4. Conduct Vulnerability Scans
Run quarterly vulnerability scans of all external or internet-facing endpoints. These automated scans will typically examine network devices such as firewalls, routers, switches, servers, and applications and generate reports identifying potential exposures and vulnerabilities for each endpoint.
5. Perform Penetration Tests
Perform annual penetration tests to simulate an attacker attempting to gain access to your systems. Penetration tests can identify exposures and vulnerabilities in your network that need to be addressed. We recommend running both external and internal penetration tests annually. The external tests will identify ways in which attackers can access your systems from the outside by exploiting vulnerabilities in your network. Internal tests will identify vulnerabilities attackers can exploit once they gain access to your internal network.
6. Review Firewall Rules
Review firewall rules annually or after significant network changes to ensure configurations and rule sets are optimized to address emerging threats, organizational changes, and current business and security needs.
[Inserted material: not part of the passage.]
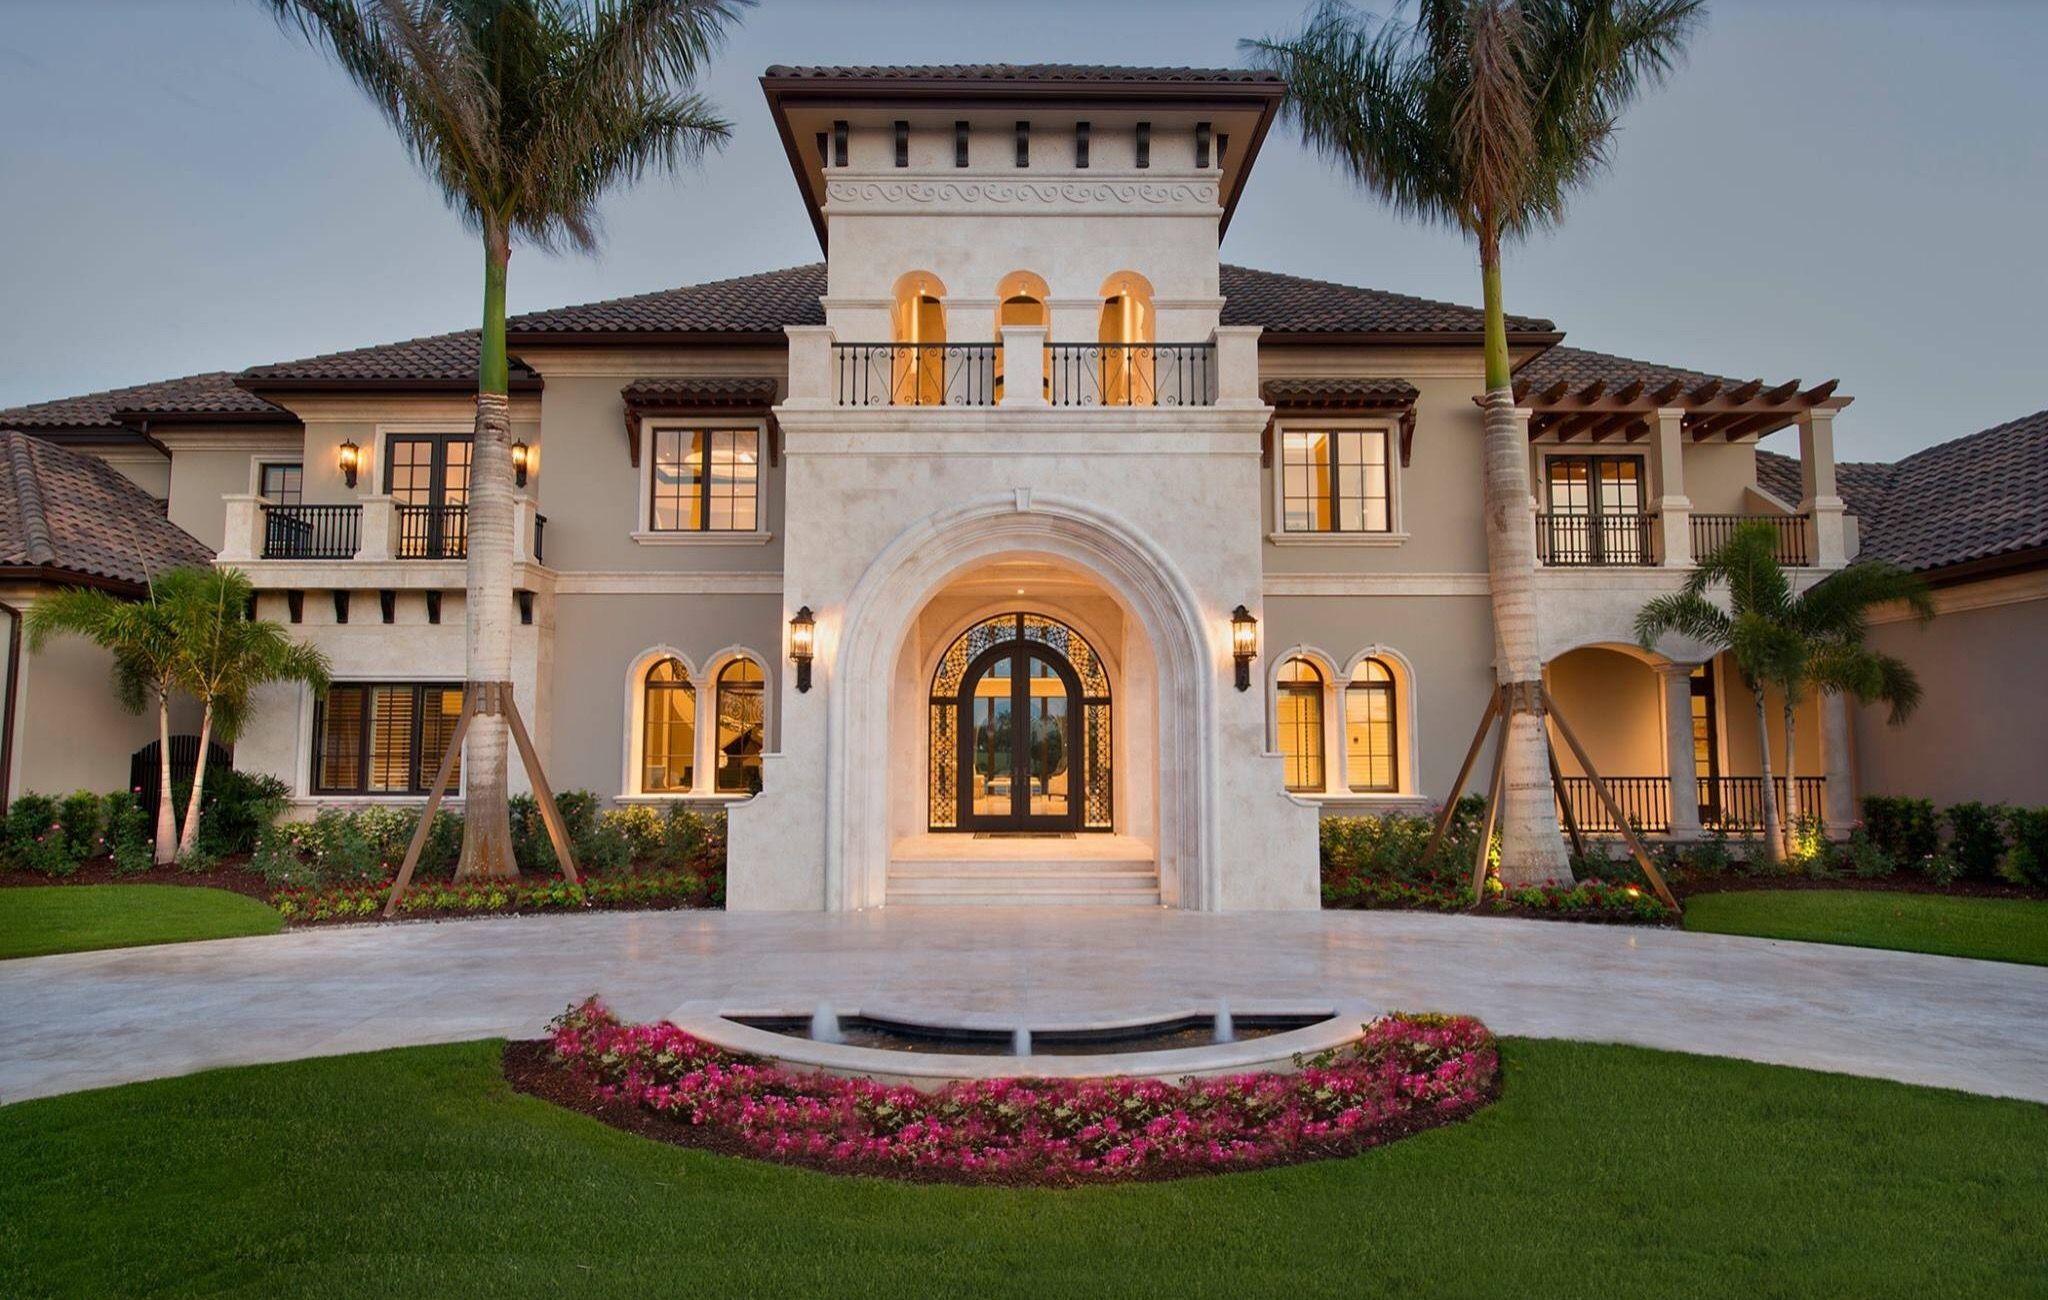 entrance house ideas pinterest exterior exterior design and rh pinterest com

7. Consolidate Logging and Monitoring
Consolidate all monitoring and logging in a central location and implement analytical tools to identify and alert on potential security breach events. Implement security event information monitoring using staff with the skills and abilities needed to quickly decipher security events and respond appropriately.
8. Deploy Jump Boxes
Deploy MFA-enabled system administrator jump boxes, which are only used for domain admin or administrator functions. This will significantly restrict an attacker’s ability to escalate privileges within the environment.
9. Change Passwords and Encryption Keys
Implement policies and systems to ensure passwords and encryption keys are changed frequently to reduce the window of time in which compromised passwords, or encryption keys, can be used by attackers to access your systems.
10. Back Up Frequently
Make sure to back up production systems frequently to ensure you can restore your environment in the event that a ransomware attack encrypts your data and applications, rendering them unusable. Keep in mind that making a ransomware payment does not guarantee that attackers will decrypt your data and applications, so restoring from backup may be your only avenue of recovery.